A slow turn then past the high school, where the sixty-member Hornet band is wandering off the practice field, sweltering red tunics slung over their sweaty shoulders, trombones and trumpets in hand, the brawnier instruments—bass drums, sousaphones, cymbals, a bracketed Chinese gong and a portable piano—already strapped atop their waiting school bus, ready for the short trip to the Shop Rite.

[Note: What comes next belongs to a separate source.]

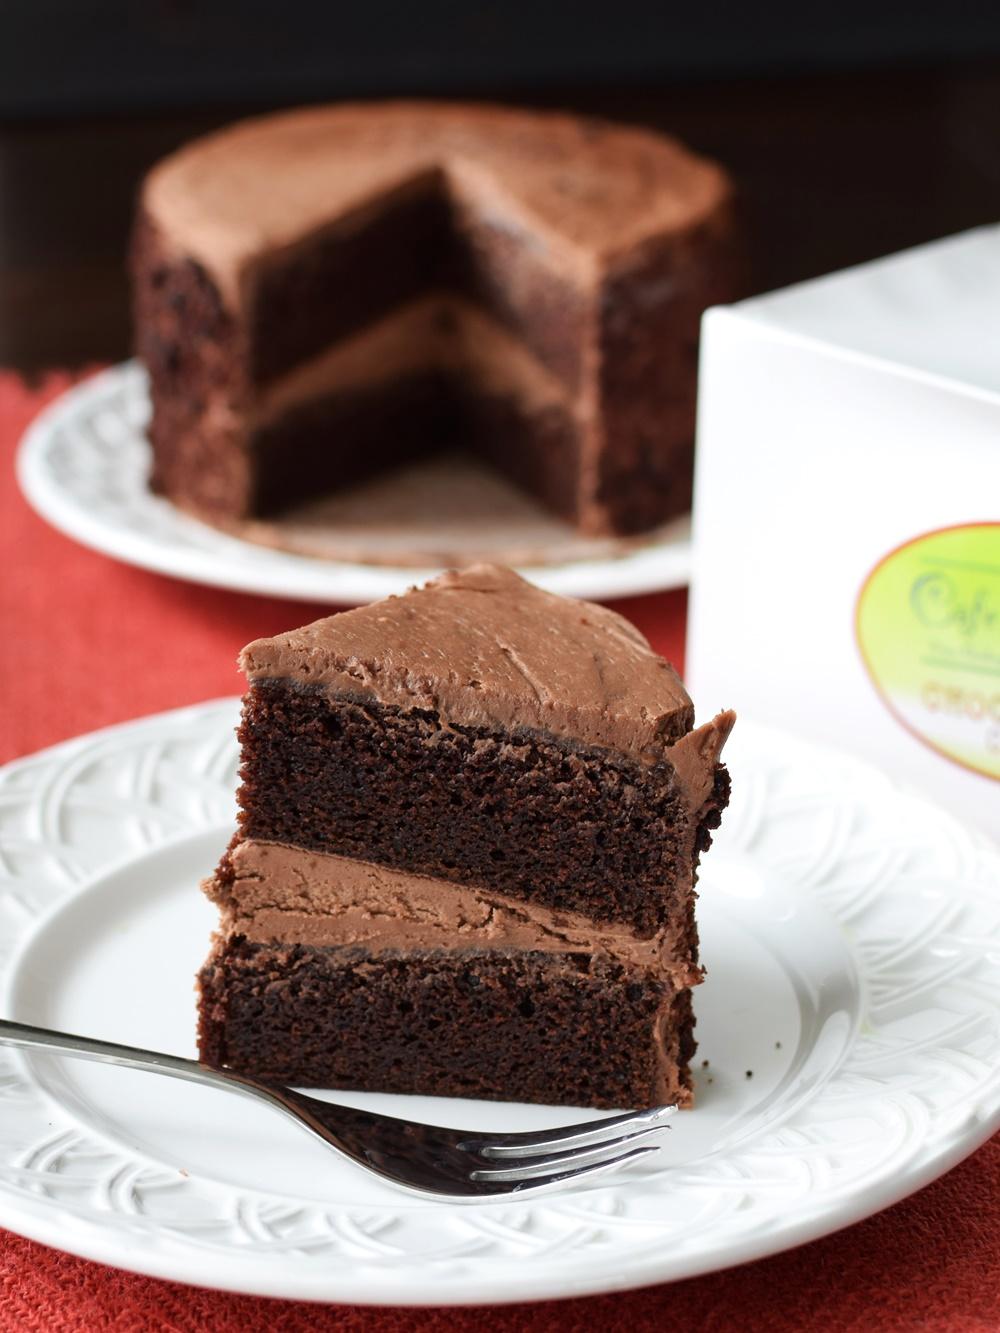 Cafe Indigo Vegan Goodness Layer Cakes - Amazingly dairy-free & egg-free! (chocolate cake pictured)

On down Pleasant Valley Road along the west boundary fence of the cemetery, wherein tiny American flags bristle from many graves and my first son, Ralph Bascombe, lies near three of the “original signers,” but where I will not rest, since early this very morning, in a mood of transition and progress and to take command of final things, I decided (in bed with the atlas) on a burial plot as far from here as is not totally ridiculous. Cut Off, Louisiana, is my first choice; Esperance, New York, was too close. Someplace, though, where there’s a peaceful view, little traffic noise, minimum earthly history and where anyone who comes to visit will do so just because he or she means to (nothing on the way to Six Flags or Glacier) and, once arrived, will feel I had my head on straight as to location. Otherwise, to be buried “at home,” behind my own old house and forever beside my forever young and lost son, would paralyze me good and proper and possibly keep me from maximizing my remaining years. The thought would never leave me as I went about my daily rounds of house selling: “Someday, someday, someday, I’ll be right out there….” It would be worse than having tenure at Princeton.

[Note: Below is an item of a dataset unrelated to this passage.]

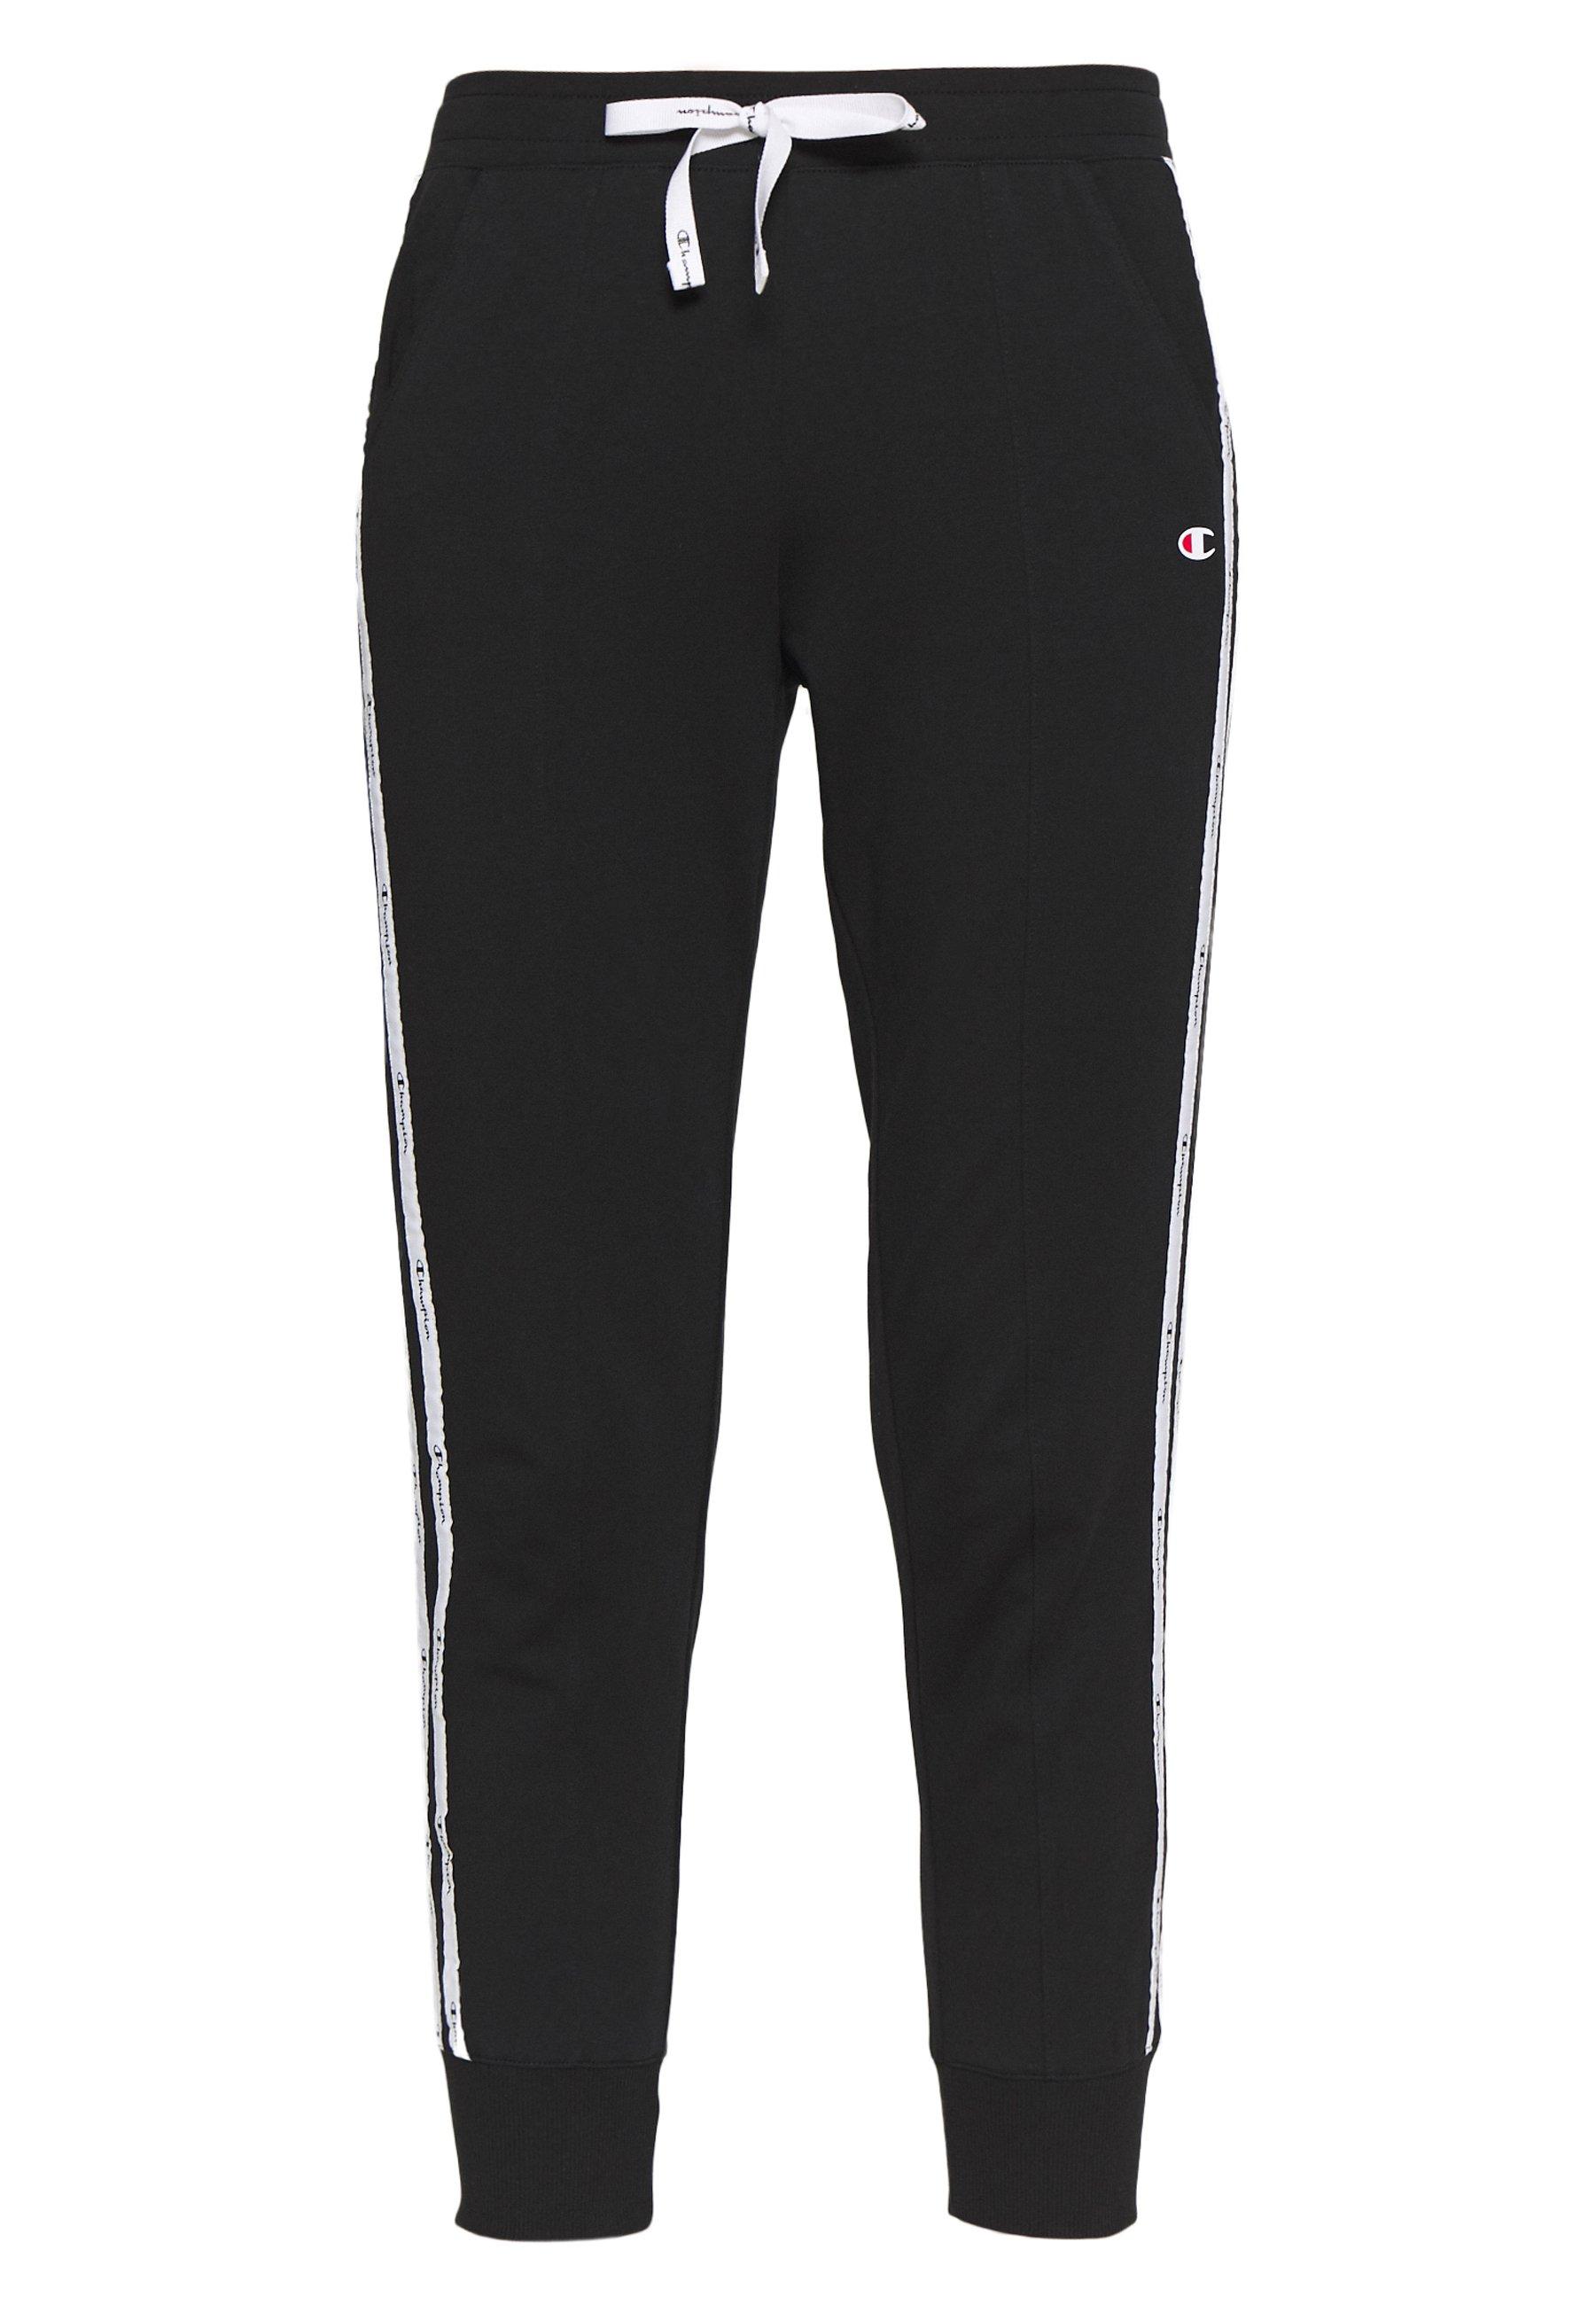 Femme RIB CUFF PANTS - Pantalon de survêtement

The strongest feeling I have now when I pass along these streets and lanes and drives and ways and places for my usual reasons—to snapshot a listing, dig up a comp for a market analysis, accompany an appraiser to his tasks—is that holding the line on the life we promised ourselves in the Sixties is getting hard as hell. We want to
feel
our community as a fixed, continuous entity, the way Irv said, as being anchored into the rock of permanence; but we know it’s not, that in fact beneath the surface (or rankly all over the surface) it’s anything but. We and it are anchored only to contingency like a bottle on a wave, seeking a quiet eddy. The very effort of maintenance can pull you under.

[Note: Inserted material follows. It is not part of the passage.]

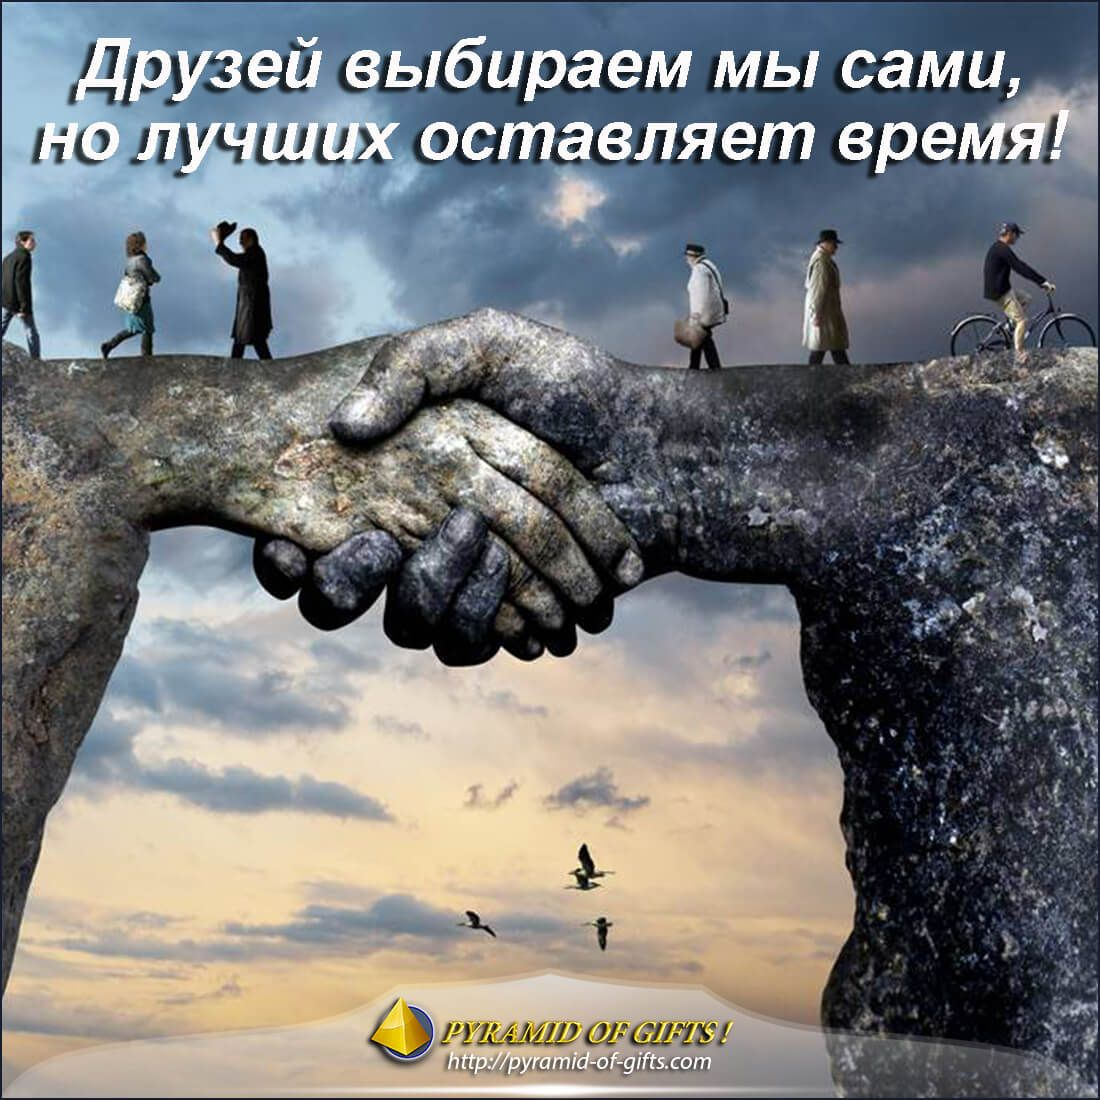 Снежана друзенко фото яркая наружная

On the brighter side, and in the way that good news can seem like bad, being a realtor, while occasionally rendering you a Pollyanna, also makes you come to grips with contingency and even sell it as a source of strength and father to true self-sufficience, by insisting that you not give up the faith that people have to be housed and will be. In this way, realty is the “True American profession coping hands-on with the fundamental spatial experience of life: more people, less space, fewer choices.” (This, of course, was in a book I read.)